> _Source data_
========
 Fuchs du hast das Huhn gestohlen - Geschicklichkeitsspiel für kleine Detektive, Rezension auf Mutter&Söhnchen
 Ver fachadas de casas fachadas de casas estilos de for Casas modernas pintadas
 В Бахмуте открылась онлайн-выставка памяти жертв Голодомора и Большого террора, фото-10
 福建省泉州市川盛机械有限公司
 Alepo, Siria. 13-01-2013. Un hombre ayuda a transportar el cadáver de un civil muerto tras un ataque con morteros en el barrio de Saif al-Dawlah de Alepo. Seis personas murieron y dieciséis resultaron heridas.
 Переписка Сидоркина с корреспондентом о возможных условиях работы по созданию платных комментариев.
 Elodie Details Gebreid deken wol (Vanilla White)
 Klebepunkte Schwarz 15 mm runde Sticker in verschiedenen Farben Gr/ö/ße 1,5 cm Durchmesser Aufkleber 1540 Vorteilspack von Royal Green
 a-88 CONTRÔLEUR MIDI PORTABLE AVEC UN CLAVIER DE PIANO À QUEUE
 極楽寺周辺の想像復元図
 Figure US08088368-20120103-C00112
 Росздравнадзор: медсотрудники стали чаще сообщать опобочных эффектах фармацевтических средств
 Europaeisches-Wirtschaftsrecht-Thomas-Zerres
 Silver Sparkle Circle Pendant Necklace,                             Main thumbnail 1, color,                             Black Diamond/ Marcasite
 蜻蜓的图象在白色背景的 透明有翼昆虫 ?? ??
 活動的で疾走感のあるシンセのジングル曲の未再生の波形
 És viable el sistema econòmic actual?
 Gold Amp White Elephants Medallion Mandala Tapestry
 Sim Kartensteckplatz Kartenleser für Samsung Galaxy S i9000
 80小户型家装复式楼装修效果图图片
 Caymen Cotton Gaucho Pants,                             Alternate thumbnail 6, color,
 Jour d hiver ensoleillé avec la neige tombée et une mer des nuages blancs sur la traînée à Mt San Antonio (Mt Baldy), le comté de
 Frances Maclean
========
> _Required action_
Only lines that contain the string "White" count; pick each one out of the records and copy it.

> _Written answer_
 Elodie Details Gebreid deken wol (Vanilla White)
 Gold Amp White Elephants Medallion Mandala Tapestry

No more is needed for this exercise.